Maine Nordiques defenseman James Philpott plays the puck in a game at The Colisee earlier this season Ron Morin photo

James Philpott had plenty of offers on the table on where he would play during the 2020-21 junior hockey season.

Teams in the Alberta Junior Hockey League and British Columbia Hockey League two of the top Junior A leagues in Canada were looking to sign the Calgary, Alberta defenseman for his final junior hockey season. He also had a chance to go back to the La Ronge Ice Wolves of the Saskatchewan Junior Hockey League, the team he played for in 2019-20.

Instead, he decided to take a leap of faith in the middle of global pandemic to come Lewiston, Maine after the Maine Nordiques of the North American Hockey League took him with their first pick in the NAHL Entry Draft last summer.

“So at first, it was a little bit of a leap of faith coming down here. It’s pretty far away from home,” Philpott said “I came down to the NAHL because they’re one of the leagues that was (looking) promising the (season would start). I thought there’d be a good opportunity here with the Nordiques and turned out to be anything better than I could have imagined.
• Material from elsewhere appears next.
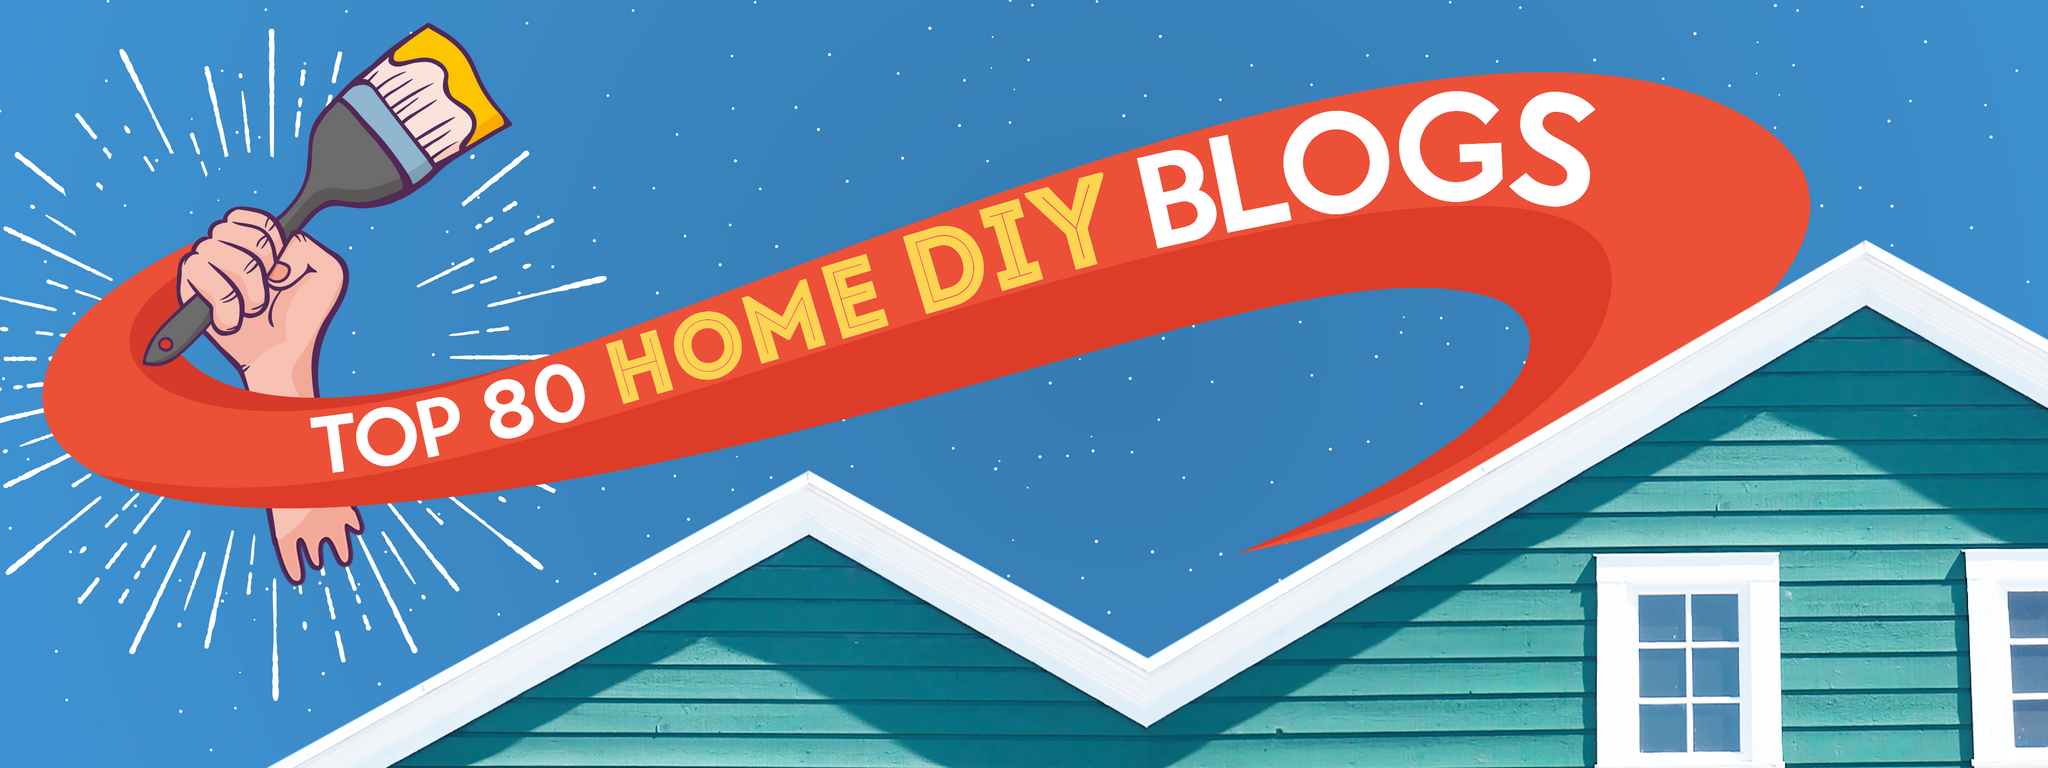 Best Home Depot Hacks, Homesteading Tips & Tricks!

We’ve had a successful season and hope to continue that with two wins here this weekend.”

Leagues across Canada, including the AJHL, BCHL and the SJHL, struggled to get the season going with multiple starts and stops.

Philpott was comfortable making his way across North America after multiple phone calls and Zoom meetings with the Nordiques organization throughout last summer.

“It was a long recruiting process through the summer, especially with COVID and coming across the border,” Maine Nordiques coach Nolan Howe said. “The family had their concerns and we were unsure if it would come to fruition. With that, we were very happy and he was someone off the bat who you knew he was going to be a very important part to the season, and he has lived up to that.”

James Philpott skates with the puck in a game at The Colisee earlier this season. Ron Morin photo

Howe said Philpott made an impression since training camp off the ice and that led to Philpott wearing the “C” among the defenseman this season.

Philpott took note on what captains did on teams he previously played for.

“One of the things I’ve always done, and all of the captains that I previously had have done, is just to establish a relationship with every player on an individual basis,” Philpott said. “Like, you come to the rink, you do your work, you work out and you leave, but it’s that time away from the rink that those relationships can really grow. I took that under my wing and just wanted to get to know every guy and spend some time with them in one way or another.”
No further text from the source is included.